C3 isn't so much a company as a collection of partners that Werner has assembled for strategic reach into different realms, and its investors are "from other parts of the world," he says. One consultant, David Scantling, is a former Department of Defense expert on telecommunications expansion in Iraq. Retired major general Frank Schober is C3's vice president for military affairs. Other advisors include Iraqi expatriates, high-risk insurance experts and international real-estate developers.

But in the end, C3 is all Werner. He occupies a curious space, working with the American military, the Iraqi government and the citizenry, each with their own business customs and agendas. The Marines provide him with security as he ventures out of the Green Zone to Karbala, where he is investing in date plantations. Iraqi officials provide him with connections and legitimacy as he heads to Iskandariya, south of Baghdad, to use his past experience running Crown Coach to look into investing in a struggling bus factory. He first visited it in the '80s, when he was running Crown Coach.

"I call him an adventure capitalist," Schober says of Werner. "He disappears on these ventures and we have to remind him to stay in touch with us because there is no way to get ahold of him."

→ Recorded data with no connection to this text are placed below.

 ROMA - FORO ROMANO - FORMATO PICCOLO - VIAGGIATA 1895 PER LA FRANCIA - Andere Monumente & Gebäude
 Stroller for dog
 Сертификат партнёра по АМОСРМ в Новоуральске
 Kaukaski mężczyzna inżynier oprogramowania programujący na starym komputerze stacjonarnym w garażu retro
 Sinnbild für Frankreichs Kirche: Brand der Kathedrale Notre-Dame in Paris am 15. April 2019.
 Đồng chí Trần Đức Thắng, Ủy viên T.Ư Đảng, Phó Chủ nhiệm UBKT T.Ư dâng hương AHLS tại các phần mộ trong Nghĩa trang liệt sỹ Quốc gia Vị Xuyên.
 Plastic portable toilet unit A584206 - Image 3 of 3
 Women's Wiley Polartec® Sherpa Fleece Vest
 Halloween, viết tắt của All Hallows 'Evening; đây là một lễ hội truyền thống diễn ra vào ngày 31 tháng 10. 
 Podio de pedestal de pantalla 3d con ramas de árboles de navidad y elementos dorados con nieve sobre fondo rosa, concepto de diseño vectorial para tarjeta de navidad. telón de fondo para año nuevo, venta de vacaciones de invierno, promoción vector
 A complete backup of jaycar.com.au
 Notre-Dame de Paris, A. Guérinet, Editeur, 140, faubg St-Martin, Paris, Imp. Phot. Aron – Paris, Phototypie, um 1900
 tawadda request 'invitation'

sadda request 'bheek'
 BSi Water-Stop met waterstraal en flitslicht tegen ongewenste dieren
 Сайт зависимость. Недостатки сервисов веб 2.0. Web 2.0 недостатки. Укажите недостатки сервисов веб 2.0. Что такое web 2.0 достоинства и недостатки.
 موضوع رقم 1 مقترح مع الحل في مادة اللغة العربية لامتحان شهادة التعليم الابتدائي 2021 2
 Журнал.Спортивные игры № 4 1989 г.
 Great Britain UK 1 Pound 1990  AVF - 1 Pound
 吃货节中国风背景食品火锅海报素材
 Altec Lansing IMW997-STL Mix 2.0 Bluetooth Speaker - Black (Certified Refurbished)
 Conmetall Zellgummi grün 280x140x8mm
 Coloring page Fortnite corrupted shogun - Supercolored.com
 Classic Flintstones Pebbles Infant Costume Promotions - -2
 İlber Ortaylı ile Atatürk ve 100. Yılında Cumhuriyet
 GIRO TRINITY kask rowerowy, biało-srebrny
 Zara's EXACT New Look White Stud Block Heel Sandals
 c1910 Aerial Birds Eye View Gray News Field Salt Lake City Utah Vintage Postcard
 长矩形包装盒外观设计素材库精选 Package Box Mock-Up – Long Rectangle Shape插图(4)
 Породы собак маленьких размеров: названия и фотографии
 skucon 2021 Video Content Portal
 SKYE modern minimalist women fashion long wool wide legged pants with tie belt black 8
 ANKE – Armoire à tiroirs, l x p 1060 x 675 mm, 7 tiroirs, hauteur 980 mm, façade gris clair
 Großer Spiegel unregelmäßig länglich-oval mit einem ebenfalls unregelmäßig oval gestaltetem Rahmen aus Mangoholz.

Jeff Wilson, C3's head of sport, is a marketing executive who once lived next door to Werner in Beverly Hills. The two often discussed business ventures, but nothing came to fruition until Wilson happened to call Werner earlier this year and heard about his work in Iraq. After reading a special dossier on the task force's mission, Wilson concluded that there was something missing from the reconstruction plan.

"There wasn't anything in the industries that would appeal to young people," says Wilson, who'd previously designed ad campaigns for Grind King, a skateboard company. He suggested that Werner bring "action sports" to Iraq.

"Lew didn't know a damn thing about skateboarding," notes Wilson. "It's now a global sport. Kids know about it. I told him, 'There's some freedom that comes from getting on a skateboard and learning a trick, getting air, flying and doing all that stuff.' I think it transcends everything — religion, race, creed. Kids skate."

Werner was intrigued. After he told his friend to come up with a proposal, Wilson phoned Julio Deulofeu, an old business partner who currently does distribution for Oakland-based skateboard-ramp manufacturer Freshpark, and they created a plan. Werner went for it immediately.

"I'm not fighting for the minds of youths with bullets," he says. "I'm fighting with skateboards."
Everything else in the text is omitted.